The NAFH investment will be composed of approximately 120 million newly issued shares of Green
Bankshares common stock at a price of $1.81 per share. In addition, and upon consummation of the
investment, Green Bankshares current shareholders will receive a Contingent Value Right, entitling
them to cash proceeds of up to $0.75 per share, based on the credit performance of GreenBanks
legacy loan portfolio over the five years following closing.
This investment will bring NAFH to approximately $7.3 billion in assets with 149 branches
throughout the Southeast, from Southern Florida to the Carolinas, and now including Tennessee.

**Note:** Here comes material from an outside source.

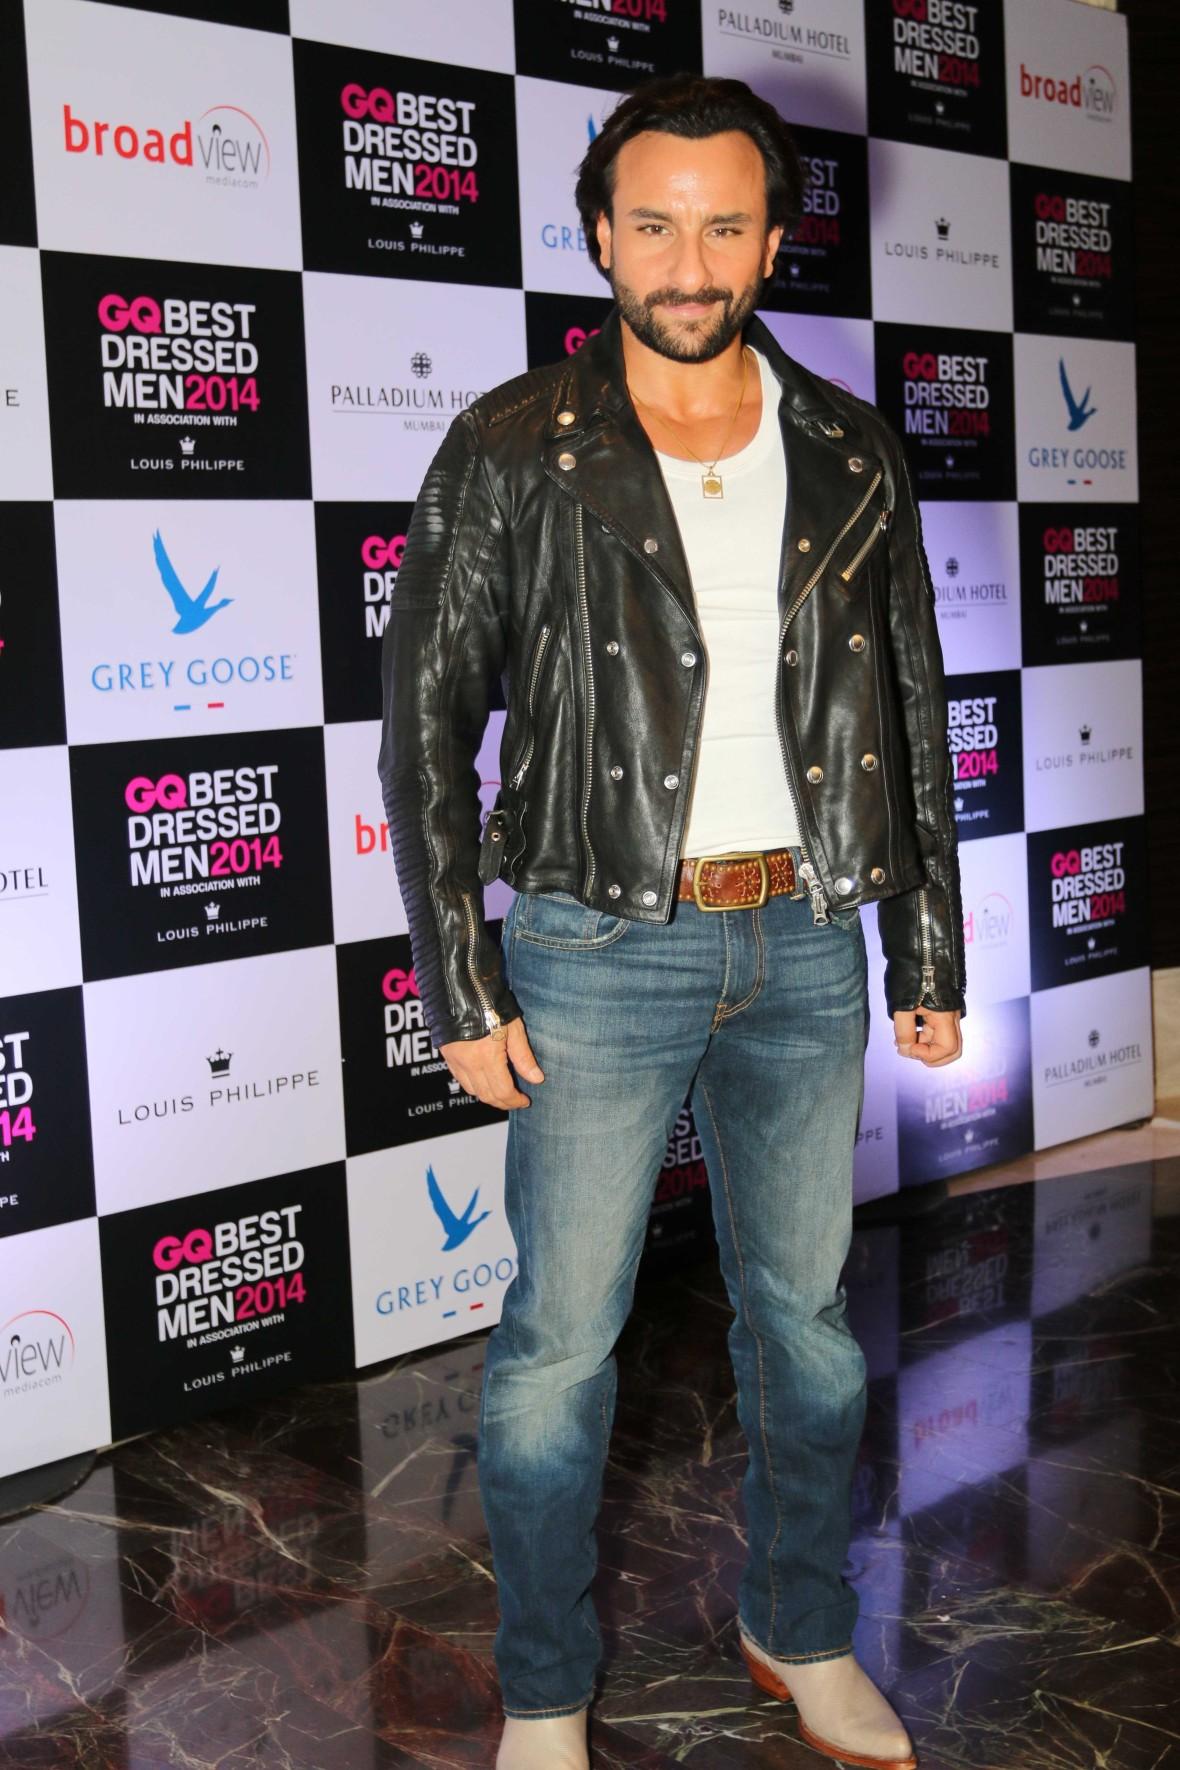 Saif Ali Khan at GQ Best Dressed Men 2014

Commenting on the investment, NAFH Chairman and CEO Gene Taylor stated, This investment helps
define NAFH as a broad Southeastern franchise. The fast-growing Nashville and Knoxville markets
serve as a natural extension of our western footprint and allow us to integrate our businesses
seamlessly. With the capital from this investment, we believe GreenBank will be well positioned to
benefit from an improving economy and we expect to close our investment and begin accelerating
business development activities throughout Tennessee very quickly. Upon closing, Mr. Taylor will
become CEO of Green Bankshares.
The investment agreement contemplates that GreenBank will be combined with NAFH National Bank at a
future date. GreenBanks Steve Rownd, current Chairman and CEO of Green Bankshares, is expected to
become a member of NAFHs senior management team following the close and is expected to serve as
NAFH Market President for Tennessee.
Steve Rownd noted, This partnership provides stability for GreenBank and its shareholders,
enhanced ability to service our clients and great future opportunity for our employees.

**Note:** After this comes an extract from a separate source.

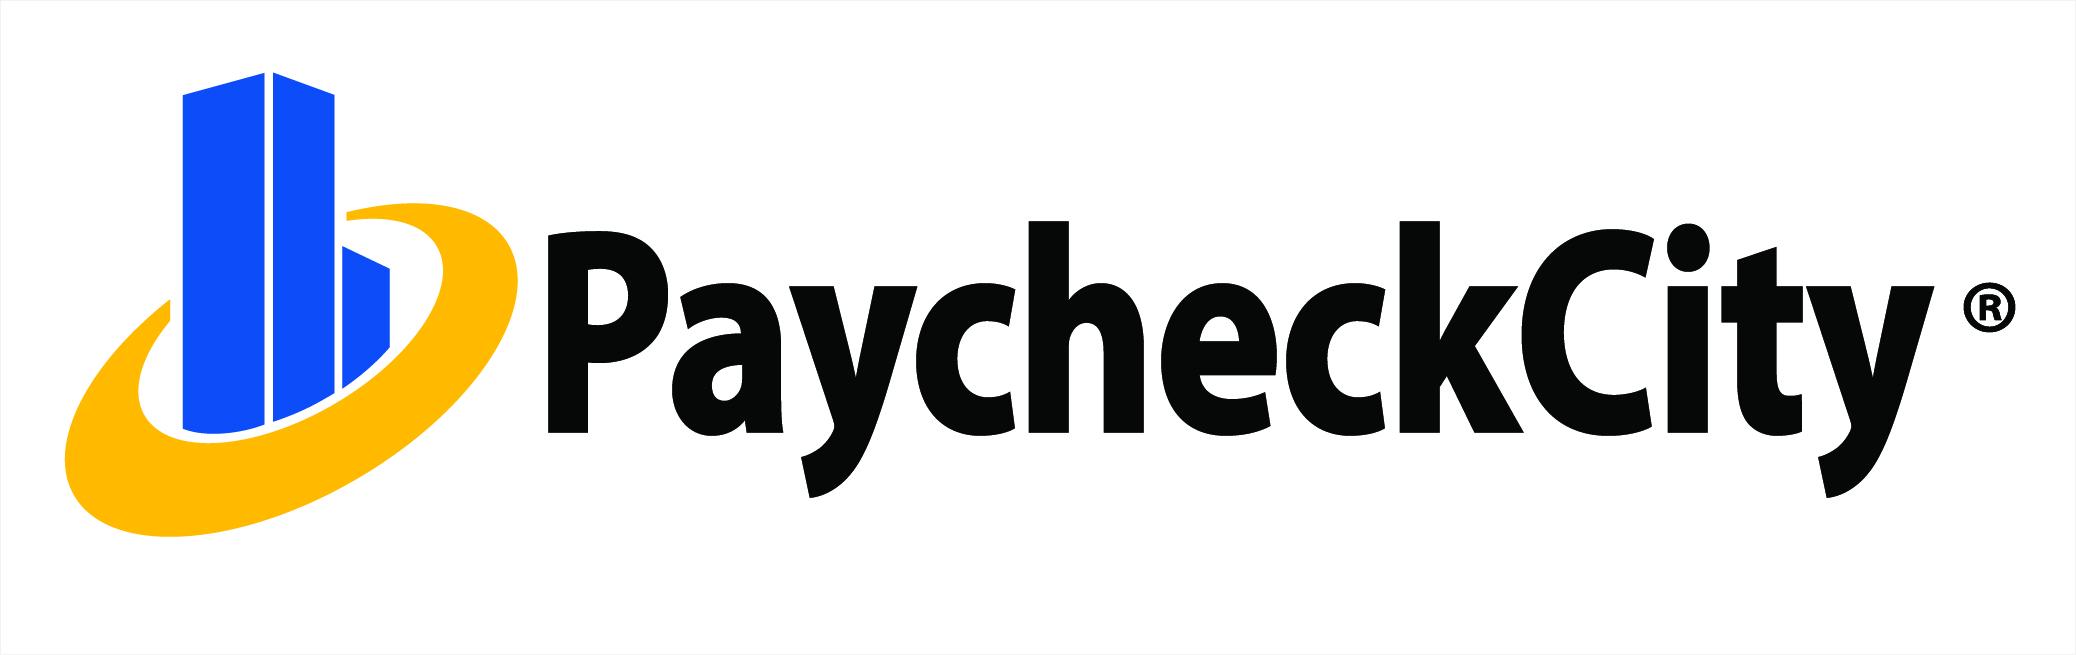 Paycheck City
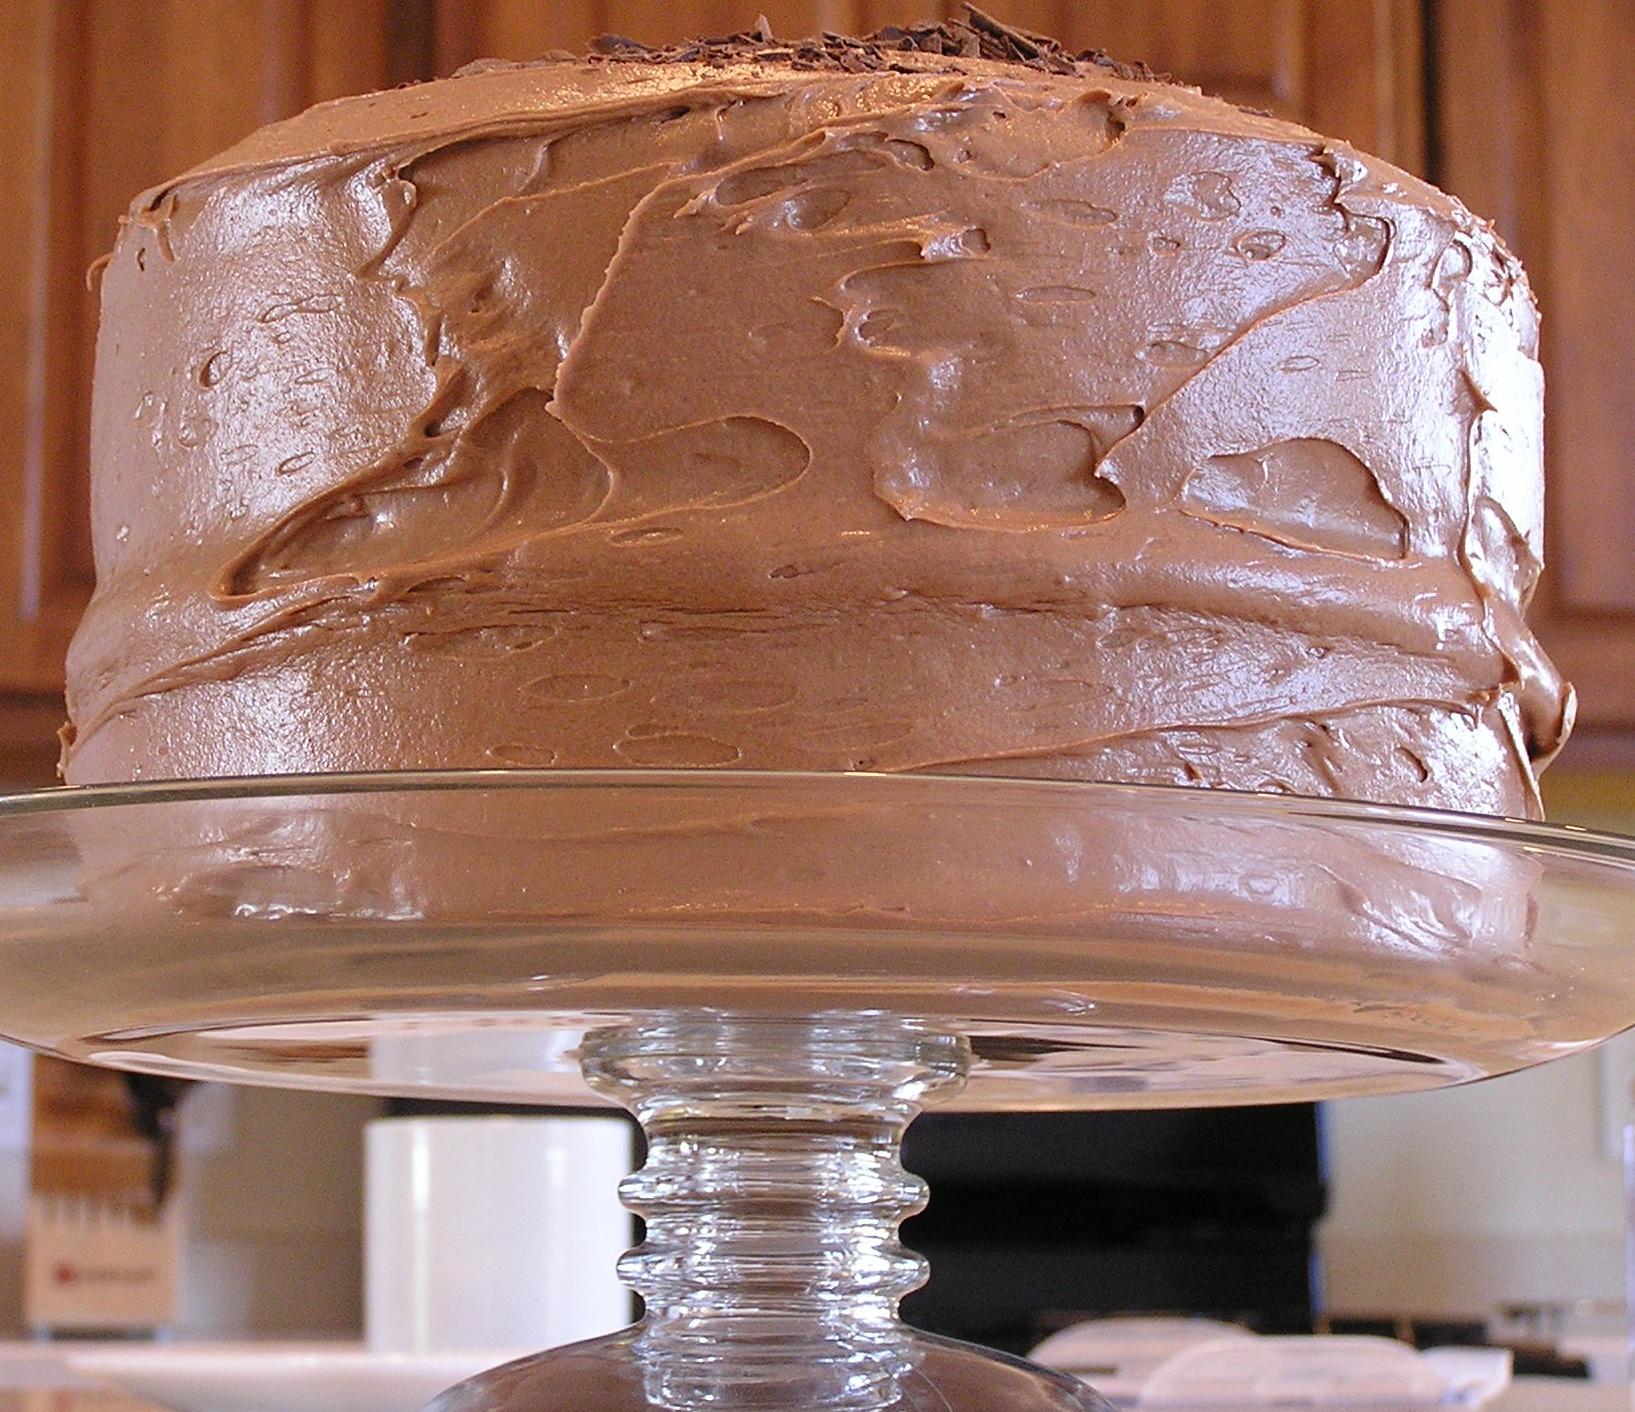 chocolate-cake-016b

Christopher G. Marshall, NAFH CFO, commented, Our investment will significantly enhance
GreenBanks capital position as compared to other banks in Tennessee and allows us to continue
building a strong, high performing southeastern regional bank on terms that are consistent with our
shareholders return expectations. Upon closing, Mr. Marshall will become CFO of Green
Bankshares.
The transaction is subject to shareholder approval and receipt of any required regulatory approvals
and is expected to be consummated in the third quarter of 2011.
Wachtell, Lipton, Rosen & Katz acted as legal advisor for NAFH. Keefe, Bruyette & Woods, Inc.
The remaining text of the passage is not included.